In [1]:
import os
os.sys.path.append(os.path.dirname(os.path.abspath('.')))

## 数据准备

In [2]:
import numpy as np
from datasets.dataset import load_breast_cancer
from model_selection.train_test_split import train_test_split

In [3]:
data = load_breast_cancer()
X = data.data
Y = data.target

X_train, X_test, Y_train, Y_test = train_test_split(X, Y, test_size=0.2)

## KNN
首先定义一个距离度量函数。

In [4]:
# 欧氏距离
def E_dist(a:list,b:list):
    a=np.array(a)
    b=np.array(b)
    return np.linalg.norm(a-b)

KNN模型不需要训练，他把训练数据存储起来，给定一个测试(验证)样本，直接在训练样本库中对比、搜索出最近的邻居所对应的标签。

首先定义查找邻居的函数。

In [5]:
# # 返回单个测试样本的前k个邻居
# def get_nb_of_one(X_train, Y_train, x_test, k=3, dist=E_dist):
#     dists = []

#     for idx in range(len(X_train)):
#         cur_dist = dist(x_test, X_train[idx])
#         dists.append((Y_train[idx], cur_dist))    # 首位为标签，末位为距离
#     dists.sort(key=lambda x: x[1])    # 按照距离排序

#     return dists[:k]

返回前k个邻居之后，这些邻居会有不同的标签，还需要投票选出出现次数最多的标签。

In [6]:
# # 投票选出neighbors中出现次数最多的标签
# from collections import Counter


# def Vote(neighbors):
#     counter = Counter()
#     for idx in range(len(neighbors)):
#         dist=neighbors[idx][1]
#         counter[label] += 1/(dist+1)    # 首位(标签)计数，权重为距离的倒数
#     return counter.most_common(1)[0][0]

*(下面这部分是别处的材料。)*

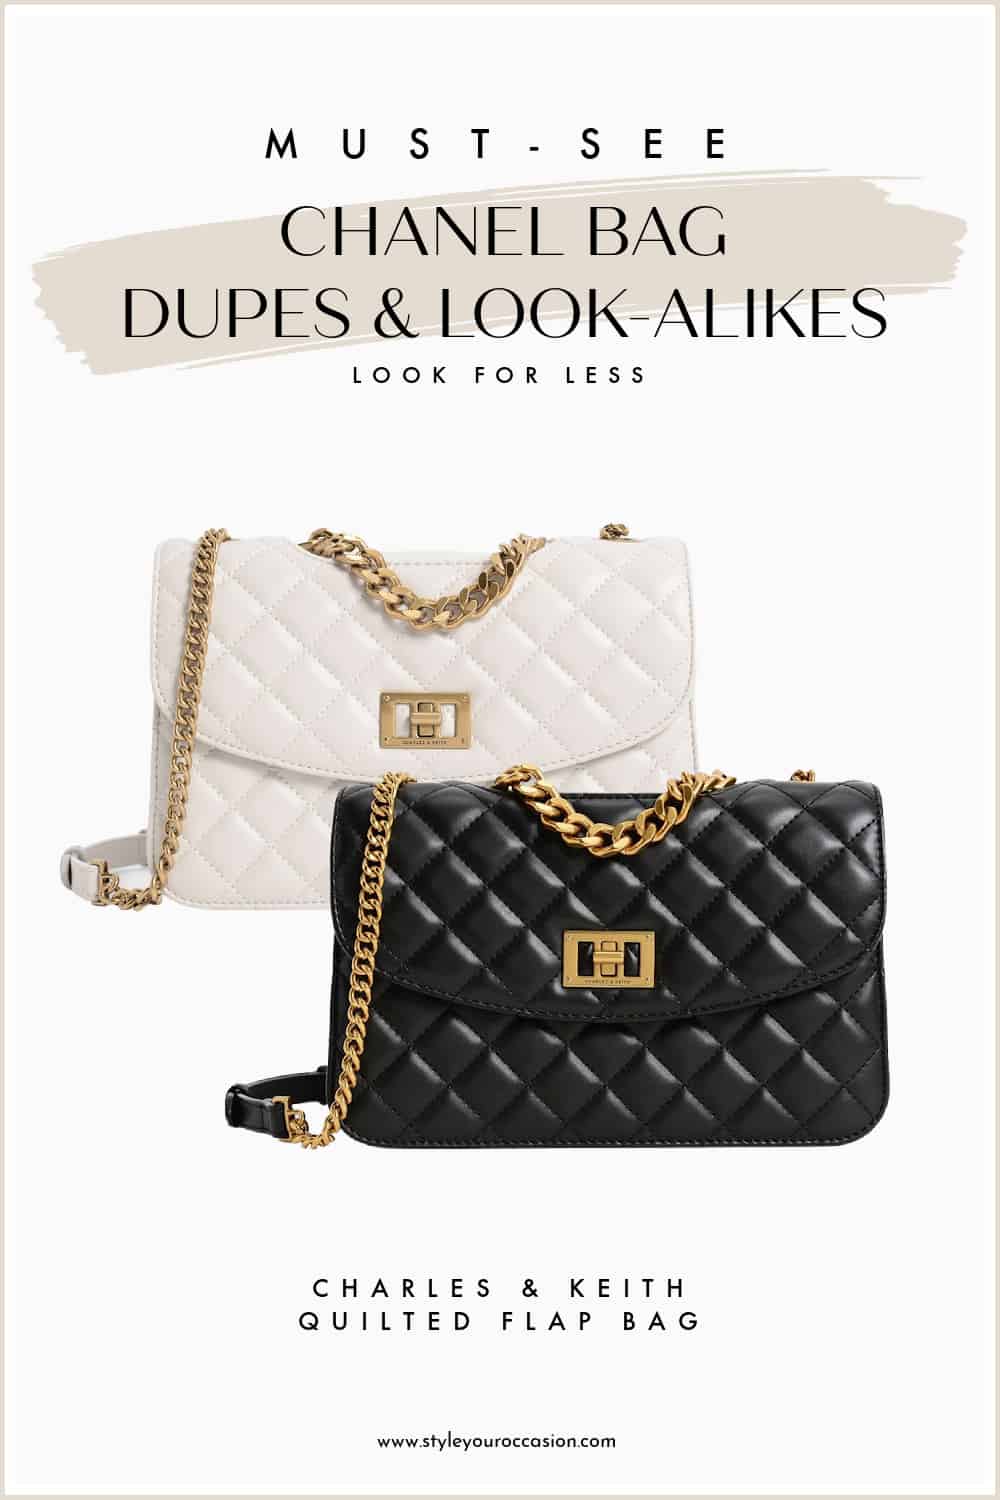 An image of a quilted Chanel bag dupe by Charles & Keith

这样一来，就可以返回单个样本在训练数据库中最近邻邻居的标签了，即预测标签。接下来再定义一个有批量预测功能的函数。

In [7]:
# def predict(X_test):
#     Y_pred=[]
#     for x_test in X_test:
#         neighbors=get_nb_of_one(X_train,Y_train,x_test)
#         Y_pred.append(Vote(neighbors))
#     return np.array(Y_pred)

## 封装
基本功能都完成之后，把这些模块都封装起来，实现一个类SKlearn的KNN类。

In [8]:
from collections import Counter


class KNN:
    def __init__(self, n_neighbors=5, metric=E_dist):
        self.X_train = None
        self.Y_train = None
        self.k = n_neighbors
        self.metric = metric

    def fit(self, X_train, Y_train):
        # 模型不改变输入数据，所以这里等号赋值没有问题
        self.X_train = X_train
        self.Y_train = Y_train

    def __get_nb_of_one(self, x_test):
        dists = []

        for idx in range(len(self.X_train)):
            cur_dist = self.metric(x_test, self.X_train[idx])
            dists.append((self.Y_train[idx], cur_dist))    # 首位为标签，末位为距离
        dists.sort(key=lambda x: x[1])    # 按照距离排序

        return dists[:self.k]

    def __vote(self, neighbors):
        counter = Counter()
        for idx in range(len(neighbors)):
            dist = neighbors[idx][1]
            label = neighbors[idx][0]
            counter[label] += 1/(dist+1)    # 首位(标签)计数，权重为距离的倒数
        return counter.most_common(1)[0][0]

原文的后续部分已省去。